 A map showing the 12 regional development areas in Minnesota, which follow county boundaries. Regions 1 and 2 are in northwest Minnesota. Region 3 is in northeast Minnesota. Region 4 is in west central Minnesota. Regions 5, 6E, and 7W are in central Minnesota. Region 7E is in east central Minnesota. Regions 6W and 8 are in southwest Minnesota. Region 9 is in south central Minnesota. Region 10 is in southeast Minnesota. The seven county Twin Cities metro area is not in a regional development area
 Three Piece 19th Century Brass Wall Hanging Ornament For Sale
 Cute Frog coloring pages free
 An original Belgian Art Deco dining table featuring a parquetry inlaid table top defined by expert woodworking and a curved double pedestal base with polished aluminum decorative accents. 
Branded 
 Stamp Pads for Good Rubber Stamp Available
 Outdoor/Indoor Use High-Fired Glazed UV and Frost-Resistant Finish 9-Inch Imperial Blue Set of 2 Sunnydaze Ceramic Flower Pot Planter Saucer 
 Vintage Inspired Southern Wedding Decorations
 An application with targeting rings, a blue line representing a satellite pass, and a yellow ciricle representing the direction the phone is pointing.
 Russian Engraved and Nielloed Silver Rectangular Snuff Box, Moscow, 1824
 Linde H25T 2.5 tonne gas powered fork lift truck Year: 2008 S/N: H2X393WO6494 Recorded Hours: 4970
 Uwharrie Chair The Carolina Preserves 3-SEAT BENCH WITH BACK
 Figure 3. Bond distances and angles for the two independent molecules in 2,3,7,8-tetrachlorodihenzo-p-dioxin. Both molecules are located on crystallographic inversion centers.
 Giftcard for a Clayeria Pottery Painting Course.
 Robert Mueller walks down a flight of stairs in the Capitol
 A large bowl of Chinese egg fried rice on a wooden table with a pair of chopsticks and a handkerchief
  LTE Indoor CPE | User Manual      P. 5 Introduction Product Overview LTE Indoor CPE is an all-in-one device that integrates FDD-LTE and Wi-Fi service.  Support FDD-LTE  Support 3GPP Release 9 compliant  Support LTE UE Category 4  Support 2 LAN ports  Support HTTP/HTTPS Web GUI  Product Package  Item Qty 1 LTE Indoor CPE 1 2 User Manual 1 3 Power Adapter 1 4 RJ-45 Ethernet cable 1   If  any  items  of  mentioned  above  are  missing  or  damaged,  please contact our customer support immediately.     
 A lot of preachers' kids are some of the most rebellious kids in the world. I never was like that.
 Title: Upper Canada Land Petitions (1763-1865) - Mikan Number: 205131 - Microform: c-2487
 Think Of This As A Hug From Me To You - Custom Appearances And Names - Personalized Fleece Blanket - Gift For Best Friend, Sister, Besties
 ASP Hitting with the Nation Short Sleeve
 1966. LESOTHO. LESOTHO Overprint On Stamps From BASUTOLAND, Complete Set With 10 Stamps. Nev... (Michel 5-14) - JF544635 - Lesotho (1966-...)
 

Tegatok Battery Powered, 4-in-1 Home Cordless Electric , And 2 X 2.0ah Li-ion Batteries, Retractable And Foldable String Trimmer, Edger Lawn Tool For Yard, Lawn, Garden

:: EXERCISE OBJECTIVE ::
Search the records above for the string "From" and copy each line that holds it.

:: OUTPUT FOR THIS TASK ::
 Think Of This As A Hug From Me To You - Custom Appearances And Names - Personalized Fleece Blanket - Gift For Best Friend, Sister, Besties
 1966. LESOTHO. LESOTHO Overprint On Stamps From BASUTOLAND, Complete Set With 10 Stamps. Nev... (Michel 5-14) - JF544635 - Lesotho (1966-...)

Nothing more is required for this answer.